For your reading pleasure, Tempest presents yet another exquisite example of romantic narrative…

The Flashing Barbarian
by Gerry Dahley Baker

   No; the twice-jilted Juliette was not pleased. Not at all! Neither the smell of new-cut grass nor the gleaming, antiseptic operating theatre impressed her, and it was all because he wasn’t there. Intellectually, she realized that dashing Peter Bard, the uncivilized brilliant scholar who had wanted to make her his life’s work, had a full life in which he was on a collision course with the High Council itself, and he could not be expected to hold any consideration for the pleasure of one darkest girl. Intellectually, she knew this. And yet…
   Truly, it had been a most intensely untamable, savage, arcane day when Marion’s shocking revelation had brought him to her attention.
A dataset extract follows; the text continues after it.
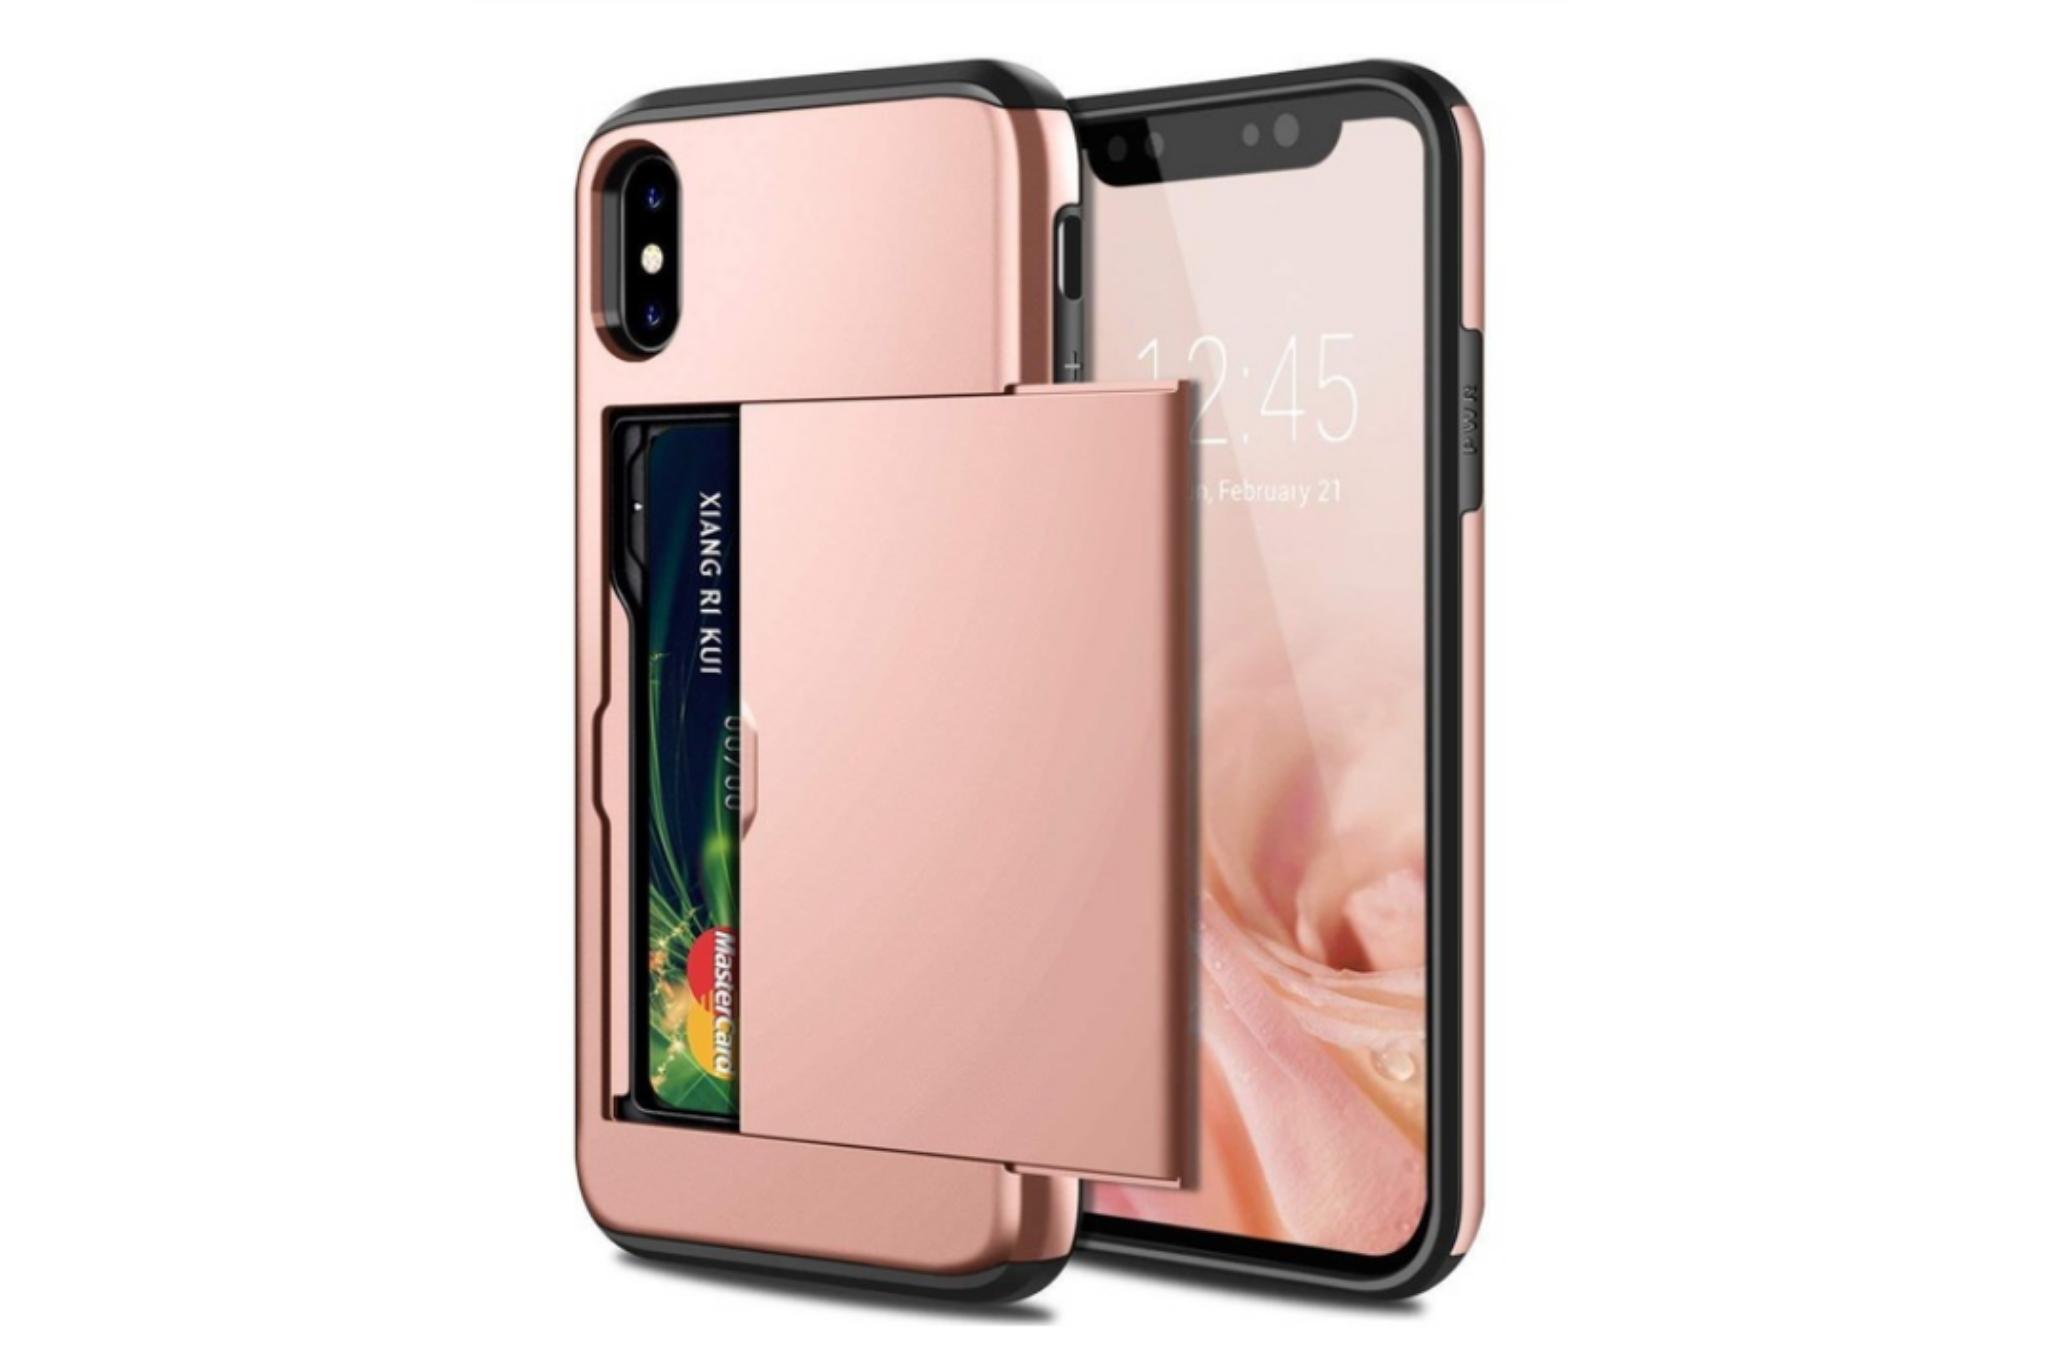 Smartphonehoesje iPhone 7 plus / 8 plus | Pasjesschuif rosegold

   It was then that the thud of fists, a muffled cry, fighting on the stairway shattered her composure into a million savage pieces! She leapt to her feet with hope — and alarm — in her eyes. Surely it could not be — but it was! At the door, the unspeakably barely inexplicable, uncivilized, barbarian and masculine face she had come to know so well! “All I have is yours,” he said in his curiously endearing fashion while the truth — the whole truth — slowly came home to her. “I need you, you little fool!”
   Just then, as he went down on his knees and implored her to forgive him, she knew that life without him was unthinkable, if not seductive. Wthout him, could she ever have realized thankfully that, in the end, things always work out really, really well?